1. Introduction
Wood in general and bamboo in particular have become one of the most popular materials today due to their environmental friendliness. Because of its popularity, product quality requirement becomes more important and can be a crucial aspect in the industrial production line. Many studies in the field of defect detection and classification, in regard of digital image processing, aim to minimize or replace human vision and decision methodologies with artificial techniques [
1]. Recent image processing-based methods could deal with defect classification at a decent performance level but they were limited to detecting simple, distinctive defects from the background. Silvén, O [
2] used self-organizing map (SOM) for discriminating between sound wood and defects. Qi, X. [
3] proposed an algorithm by combination with Blob analysis algorithm and image preprocessing approach to detect the defects. Haindl, M. [
4] used fast multispectral texture defect detection method based on the underlying three-dimensional spatial probabilistic image model. Xiansheng [
5] provided an online method of bamboo defect inspection and classification. Wang, X. [
6] proposed a new surface grading approach by integrating the color and texture of bamboo strips based on Gaussian multi-scale space.
Recent studies in the deep learning field have proved that most problems in machine vision that were difficult in the traditional computer vision methods, were solved using convolutional neural network (CNNs). Krizhevsky et al. [
7] first introduced CNN with AlexNet that trained with the difficult ImageNet dataset, solved the classification task with top-1 and top-5 error rates of 37.5% and 17.0%, which was by far better than previous works. Simonyan and Zisserman [
8] proved that CNNs had to have a deep network of layers in order for this hierarchical representation of visual data to work. However, stacking multiple convolution layers can cause the problem of vanishing gradient, making the model difficult to learn. ResNet [
9] and Highway Networks [
10] introduced the idea that vanishing gradient problem could be tackled by by-passing the signal from layer to layer by connections. Deeper architectures were created using skip connections and achieved better accuracy. DenseNet [
11] utilized these connections by creating short paths between every layer in its architecture. Skipping effectively simplifies the network, using fewer layers in the initial training stages. This accelerates learning by reducing the impact of vanishing gradients, as there are fewer layers to propagate through. The network then gradually restores the skipped layers as it learns the feature space. Towards the end of training, when all layers are expanded, it stays closer to the manifold and thus learns faster. Xception [
12] and MobileNet v1 [
13] presented Separable Convolutional layer, which significantly reduced computational cost, comparing to traditional Convolutional layer, with only a small decrease in accuracy.

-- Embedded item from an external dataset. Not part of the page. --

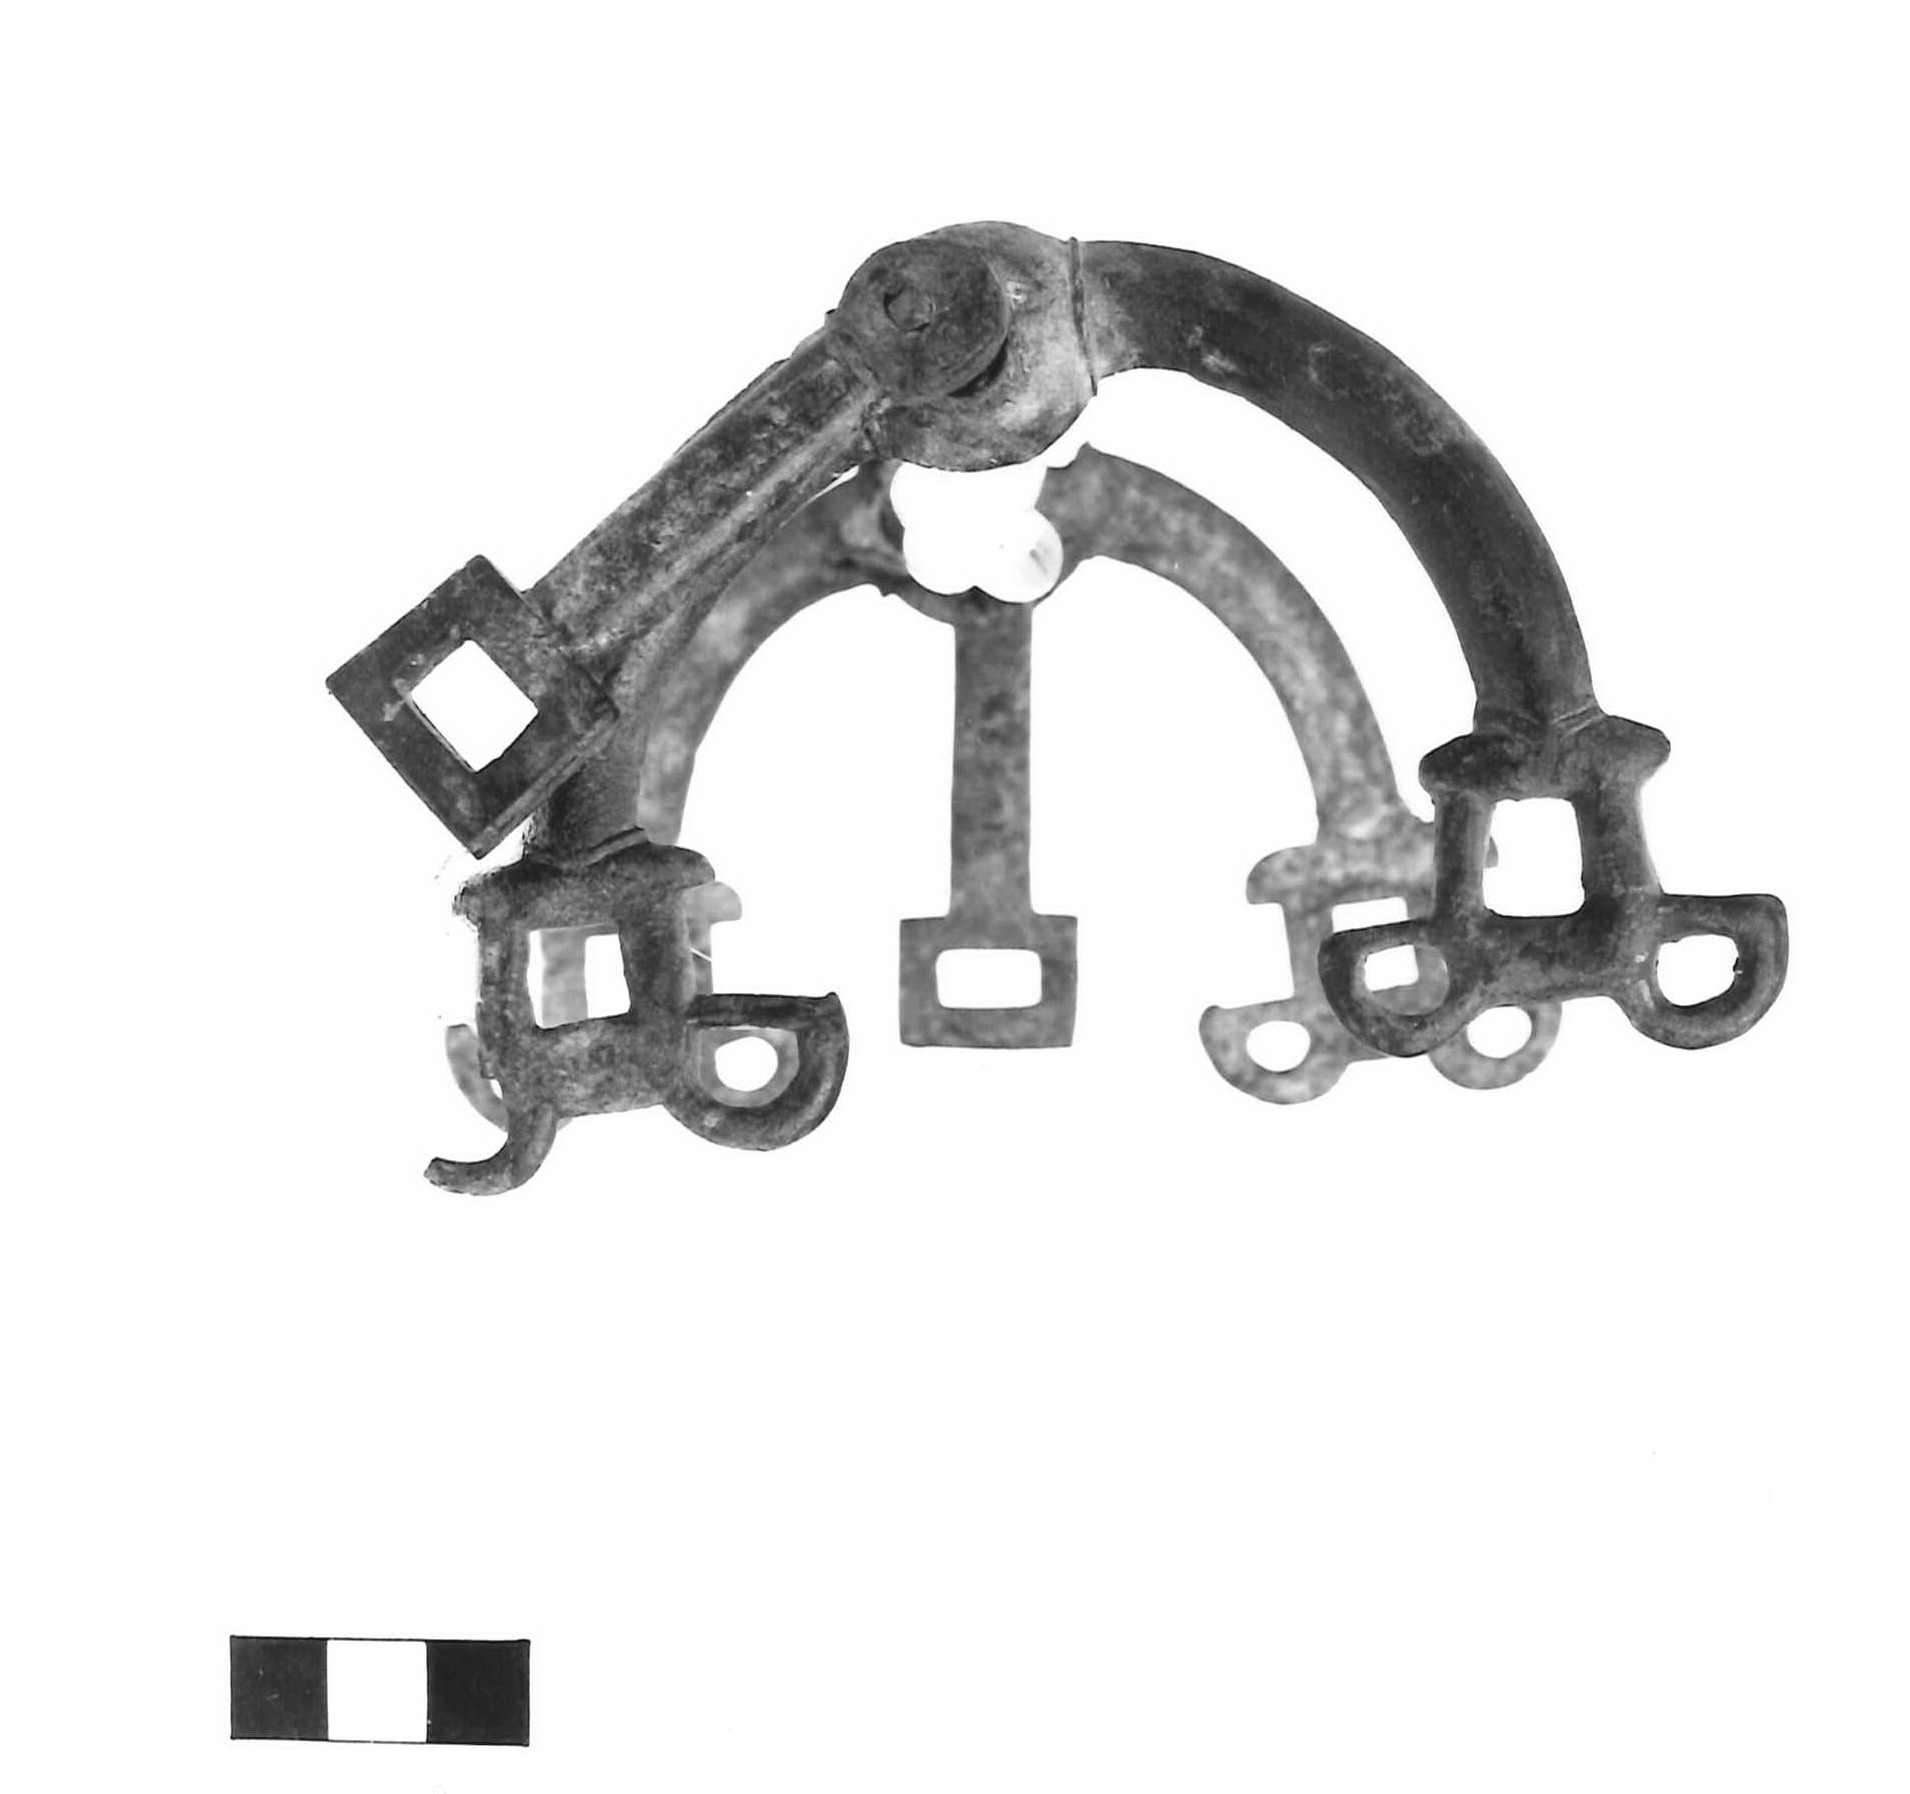 morso equino, tipo Bologna (Von Hase) - fase Piceno IV A (sec. VI a.C)

In this paper, we study effect of long skip connection in several convolution neural networks while performing image classification tasks. The models with the long connection are proved to be more robust to converge, have better performance than its counterpart, and can be applied to every model. For DenseNet and ResNet, we change traditional convolution by Depthwise Separable Convolution for the purpose of reducing parameters and floating-point operations per second (FLOPs). We observe the long skip connections accelerate the convergence of the learning process, while performing slightly better in comparison with tested models.
This paper is organized in the following context:
Section 2 shows the works related to our network. Our modified network is shown in
Section 3.
Section 4 presents the experimental results and analysis. The discussion, conclusions and further work are detailed in the last two sections.
2. Related Works
Skip connection has become a standard in today’s convolutional architectures. Short skip connections are used along with consecutive convolutional layers that do not change the dimension inside blocks of layers until a convolution with stride equal to two or pooling layers; while long skip connections usually exist in the architectures that are symmetrical.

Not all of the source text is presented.